The 1948 United States presidential election in Oklahoma took place on November 2, 1948. All forty-eight states were part of the 1948 United States presidential election. Voters chose ten electors to the Electoral College, who voted for president and vice president.

Incumbent Democratic President Harry S. Truman won Oklahoma by a landslide 25.5 percentage points. This made Oklahoma the fourth most Democratic state in the nation, and 21 percent more Democratic than the nation as a whole. This makes it the third best performance (after Franklin D. Roosevelt's 1932 and 1936 landslides) of any Democratic nominee in the state. It was also the fourth and final election (after 1932, 1924 and 1920) that Oklahoma voted more Democratic than the nation at-large.

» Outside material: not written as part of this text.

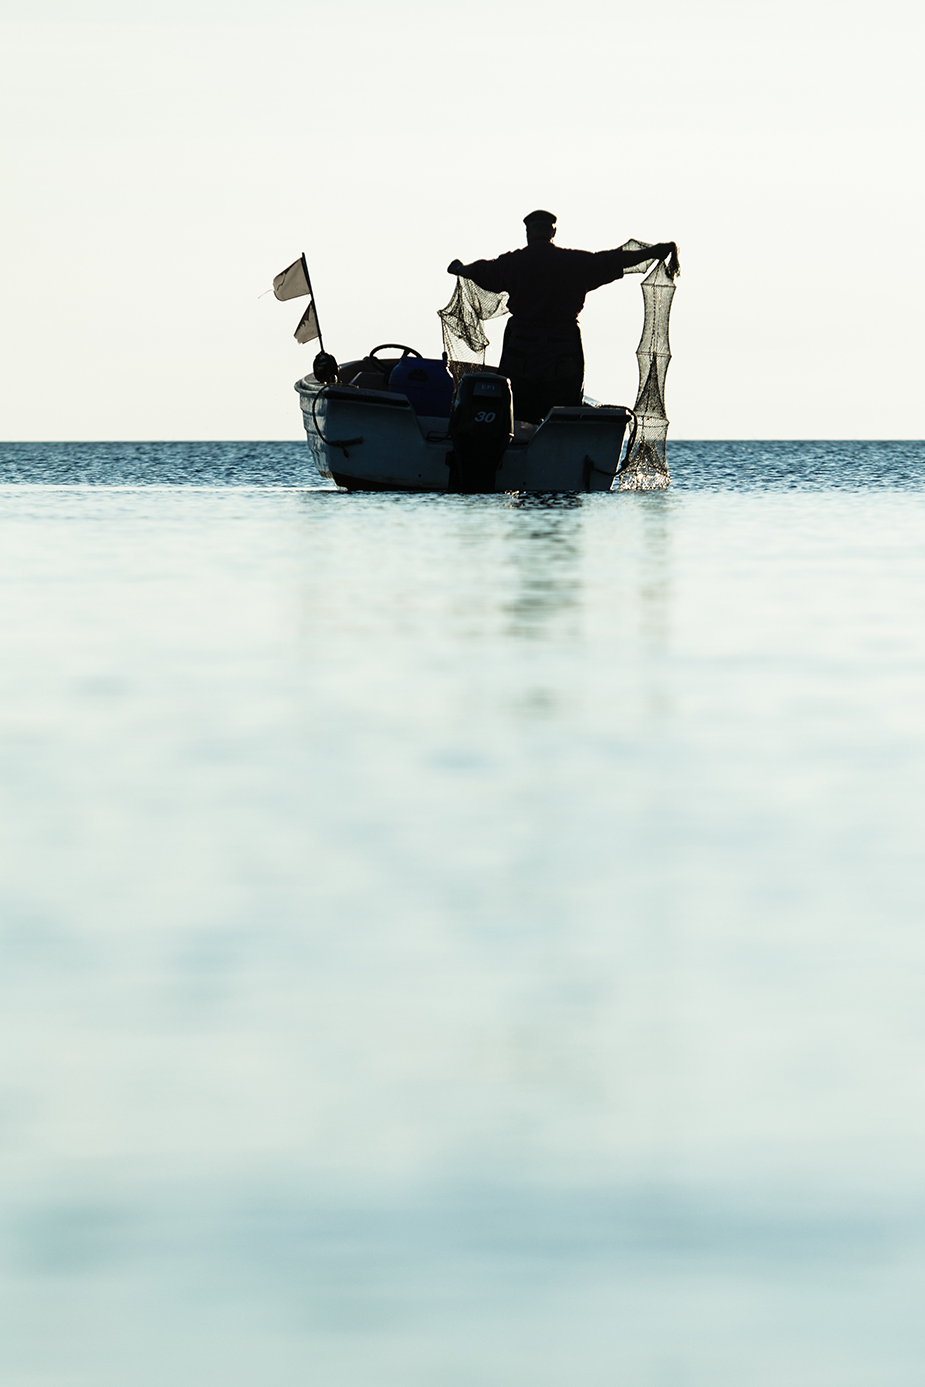 Rügen! Fischer und Landschaft © Iwona Knorr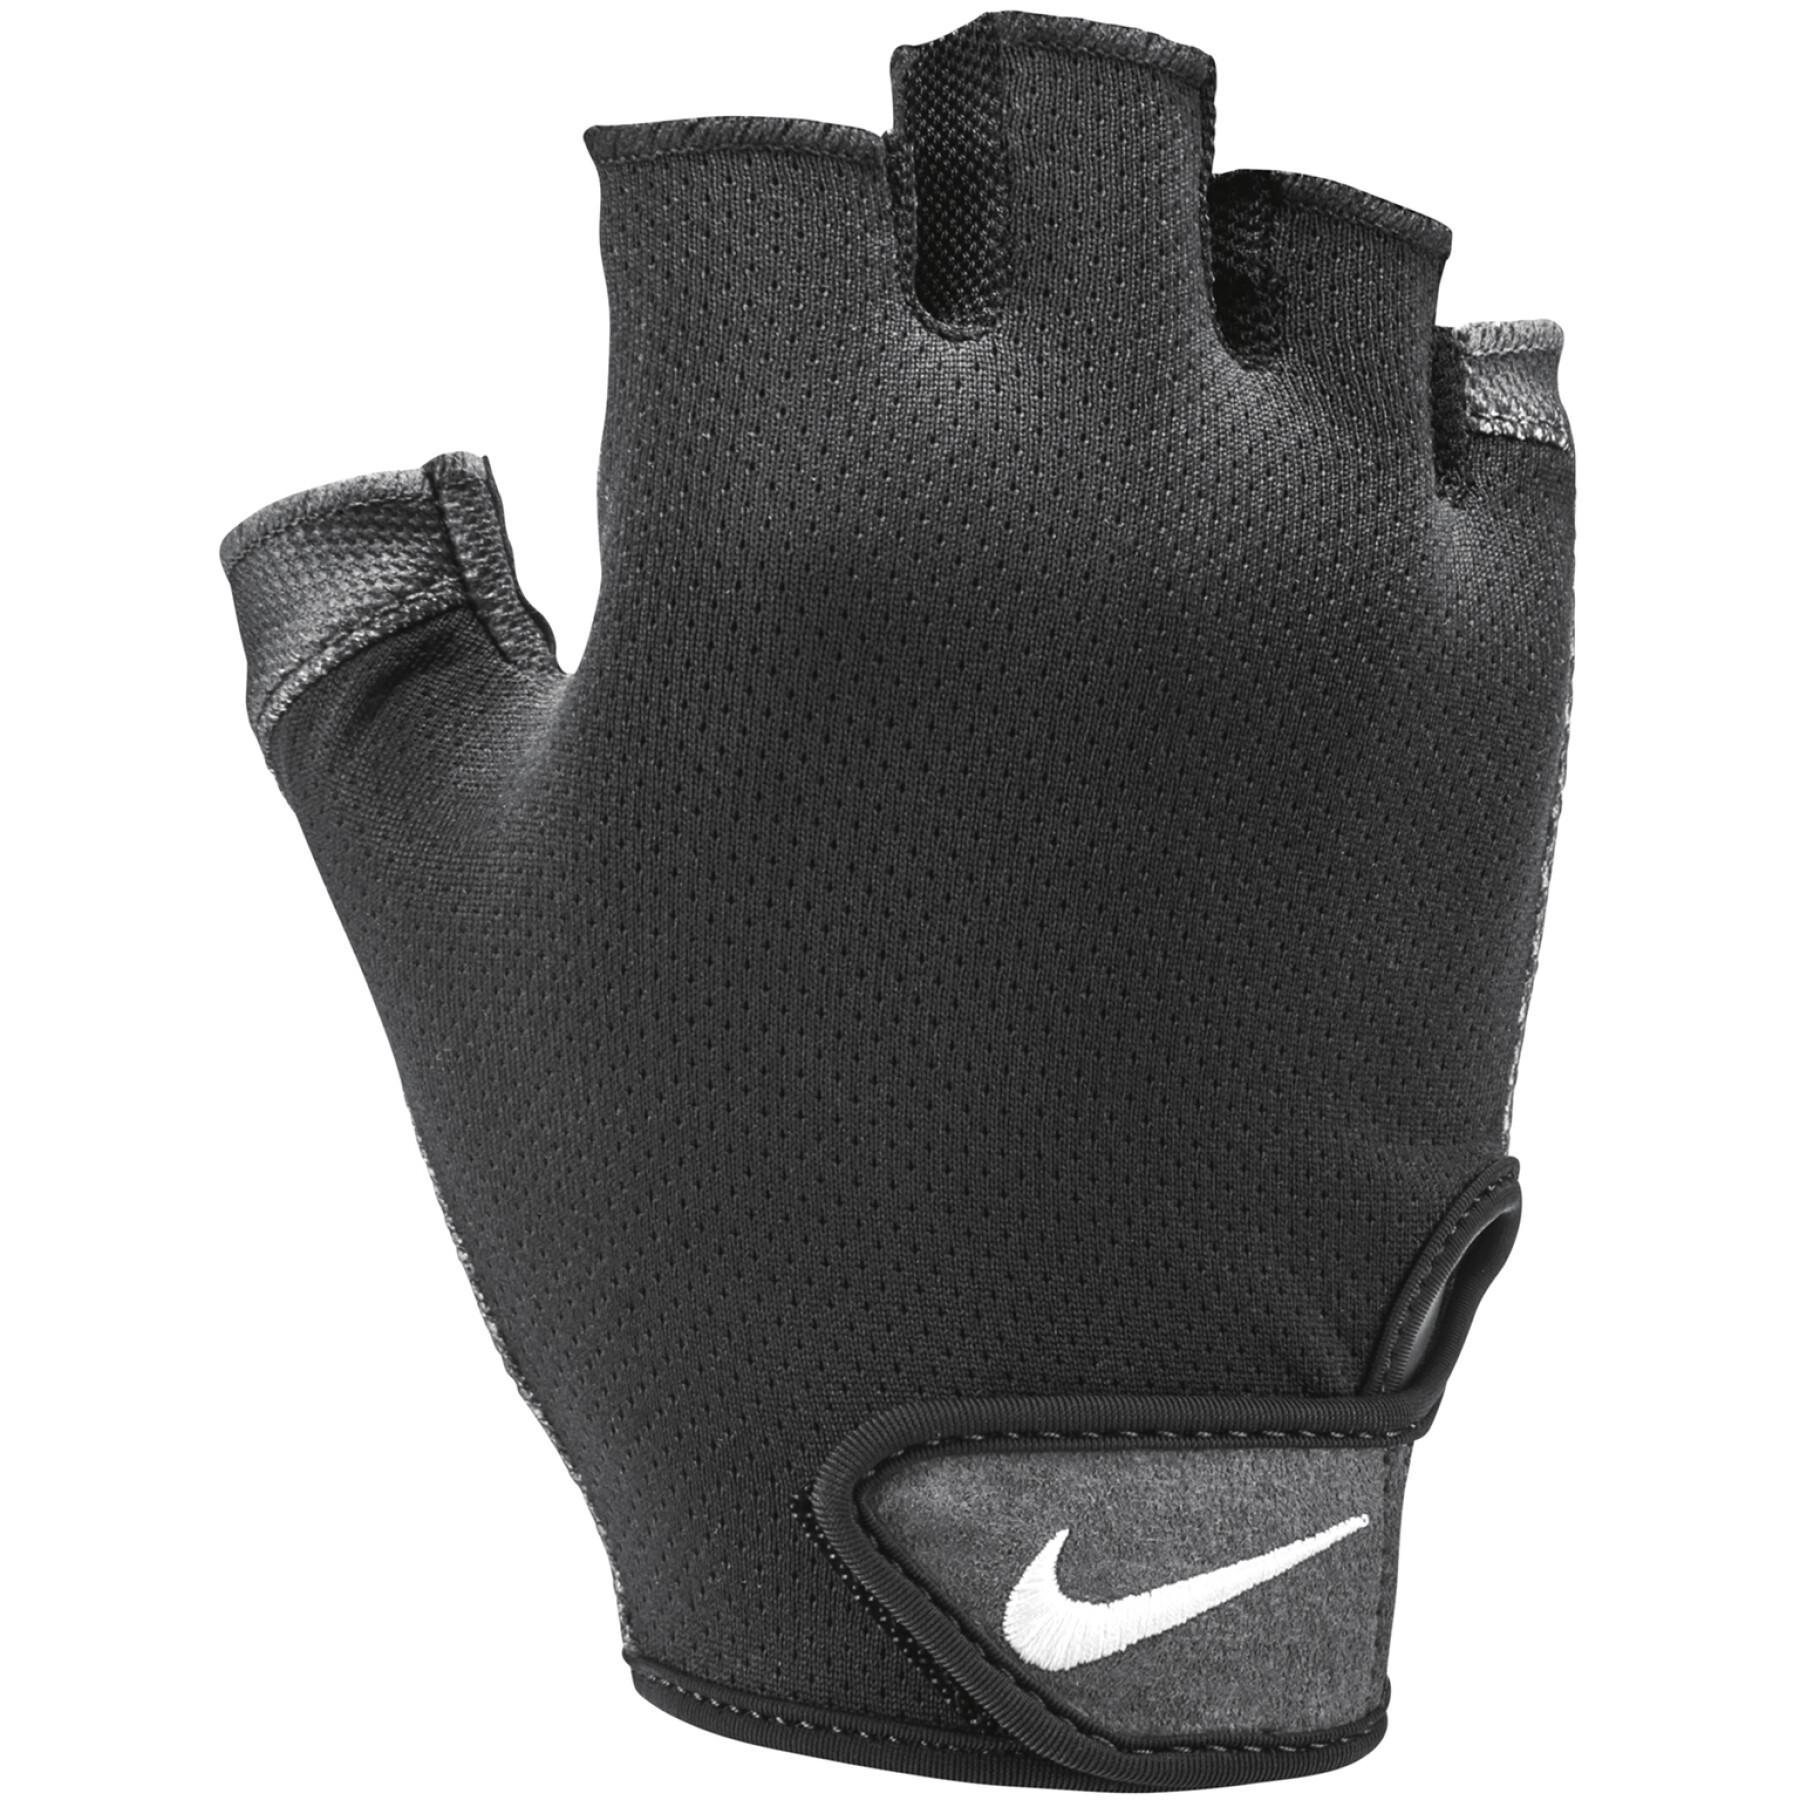 Gloves mitten Nike Essential fitness

Up to this election, Oklahoma was a reliably Democratic state, with the party winning all but two of the first eleven presidential elections in the state. However, like other states in this Solid South, Oklahoma has since become a Republican bastion. In Dwight D. Eisenhower's landslide elections of 1952 and 1956, Adlai Stevenson II lost every antebellum free-soil or postbellum state, however Oklahoma remained more Democratic than the nation as a whole. In 1960, John F. Kennedy lost most postbellum states, including Oklahoma, due to anti-Catholic sentiment. In 1964, Lyndon Johnson became the last Democratic presidential candidate to carry the state, with only Jimmy Carter in 1976 subsequently reaching even 45% of the vote, and no Democrat after 2000 reaching 35% of the vote or even winning a single county in the state.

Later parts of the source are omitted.